# [SOLVED] php/mysql unknown column in field list



## lotusweb

this code keeps returning with 
"unknown column '$first_name' in 'field list'

can someone tell me why?

$insert = 'INSERT INTO survey (first_name, last_name, year_of_birth, personalities, bedtime, wake_time, hrs_harrassing, hrs_therapy, hrs_counting_meds, hrs_dr_phil, hrs_joking)
VALUES ($first_name, $last_name, $year_of_birth, $personalities, $bedtime, $wake_time, $hrs_harrassing, $hrs_therapy, $hrs_counting_meds, $hrs_dr_phil, $hrs_joking)';
$success = mysql_query($insert); 

cheers
kerri:upset:


----------



## carsey

*Re: php/mysql unknown column in field list*



PHP:


$insert = 'INSERT INTO survey (first_name, last_name, year_of_birth, personalities, bedtime, wake_time, hrs_harrassing, hrs_therapy, hrs_counting_meds, hrs_dr_phil, hrs_joking)
VALUES ('$first_name', '$last_name','$year_of_birth', '$personalities', '$bedtime', '$wake_time', '$hrs_harrassing', '$hrs_therapy', '$hrs_counting_meds', '$hrs_dr_phil', '$hrs_joking')';
$success = mysql_query($insert);

Try that.


----------



## lotusweb

*Re: php/mysql unknown column in field list*

thanks carsey,

all good now


----------



## carsey

Glad you got it fixed :smile:


----------



## doozie

I've been trying to edit component in Joomla...but i got this error message Column count doesn't match value count at row 1 SQL=INSERT INTO jos_sv_res_request(name, passport_number, unit_number, phone, email, resource, startdate, starttime, enddate, endtime, comment ,user_field1_value ,user_field2_value ) VALUES('Mila Alan','3','0179872345','[email protected]','2','2009-7-23','14:00','2009-7-25','19:00','','Checked','Checked') ...after add a new column in a field...can somebody help me..

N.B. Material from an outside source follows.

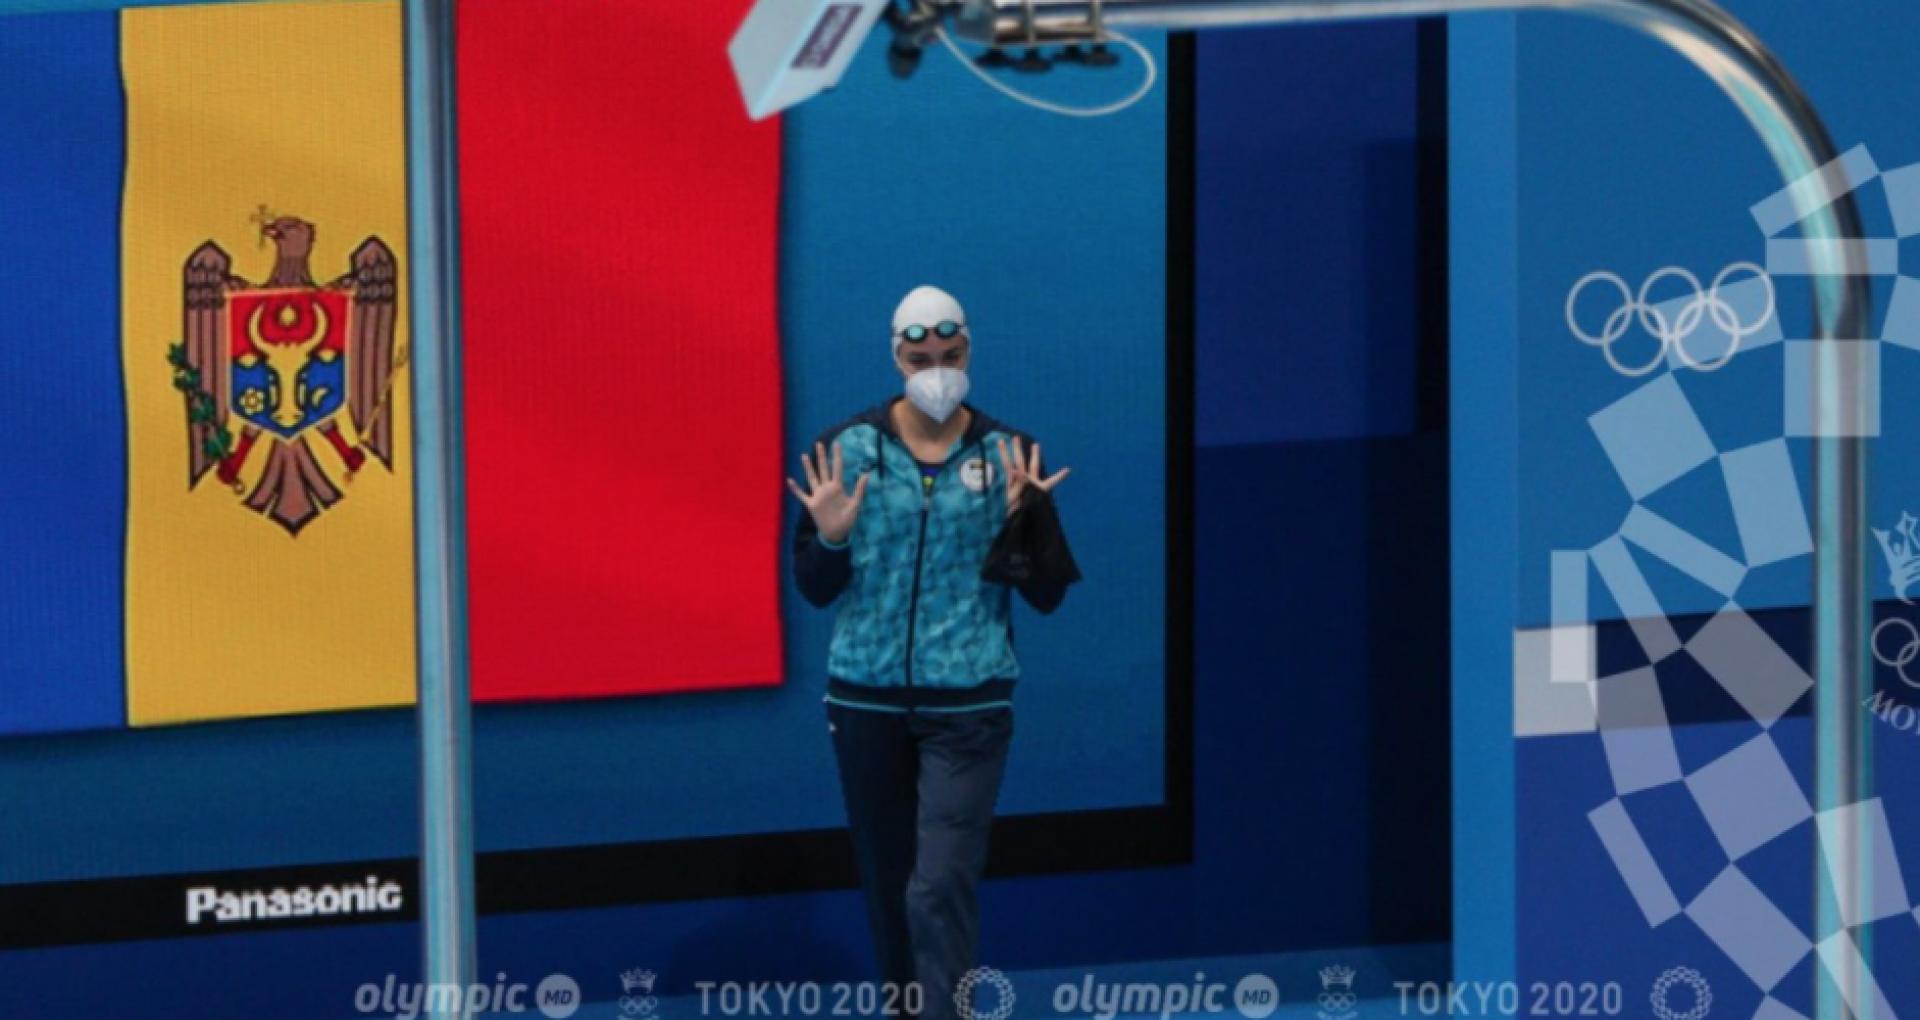 FOTO/  Pentru prima data în ultimii 25 de ani, o înotătoare din R. Moldova a evoluat în semifinale la Jocurile Olimpice. Tatiana Salcuțan a bătut recordul R. Moldova la înot

$sSql = "INSERT INTO #__sv_res_request(".
"name, ".
"unit_number, ".
"phone, ".
"email, ".
"resource, ".
"startdate, ".
"starttime, ".
"enddate, ".
"endtime, ".
"comment ";
if($_POST['user_field1_value'] != ""){
$sSql = $sSql.",user_field1_value ";
} 
if($_POST['user_field2_value'] != ""){
$sSql = $sSql.",user_field2_value ";
} 
if($_POST['user_field3_value'] != ""){
$sSql = $sSql.",user_field3_value ";
} 
if($_POST['user_field4_value'] != ""){
$sSql = $sSql.",user_field4_value ";
} 
$sSql = $sSql.") VALUES(".
"'".$name."',".
"'".$passport_number."',".
"'".$unit_number."',".
"'".$phone."',".
"'".$email."',".
"'".$resource."',".
"'".$startdate."',".
"'".$starttime."',".
"'".$enddate."',".
"'".$endtime."',".
"'".$comment."'";
if($_POST['user_field1_value'] != ""){
$sSql = $sSql.",'".$_POST['user_field1_value']."'";
} 
if($_POST['user_field2_value'] != ""){
$sSql = $sSql.",'".$_POST['user_field2_value']."'";
} 
if($_POST['user_field3_value'] != ""){
$sSql = $sSql.",'".$_POST['user_field3_value']."'";
} 
if($_POST['user_field4_value'] != ""){
$sSql = $sSql.",'".$_POST['user_field4_value']."'";
} 

$sSql = $sSql.")";
$database->setQuery($sSql);


----------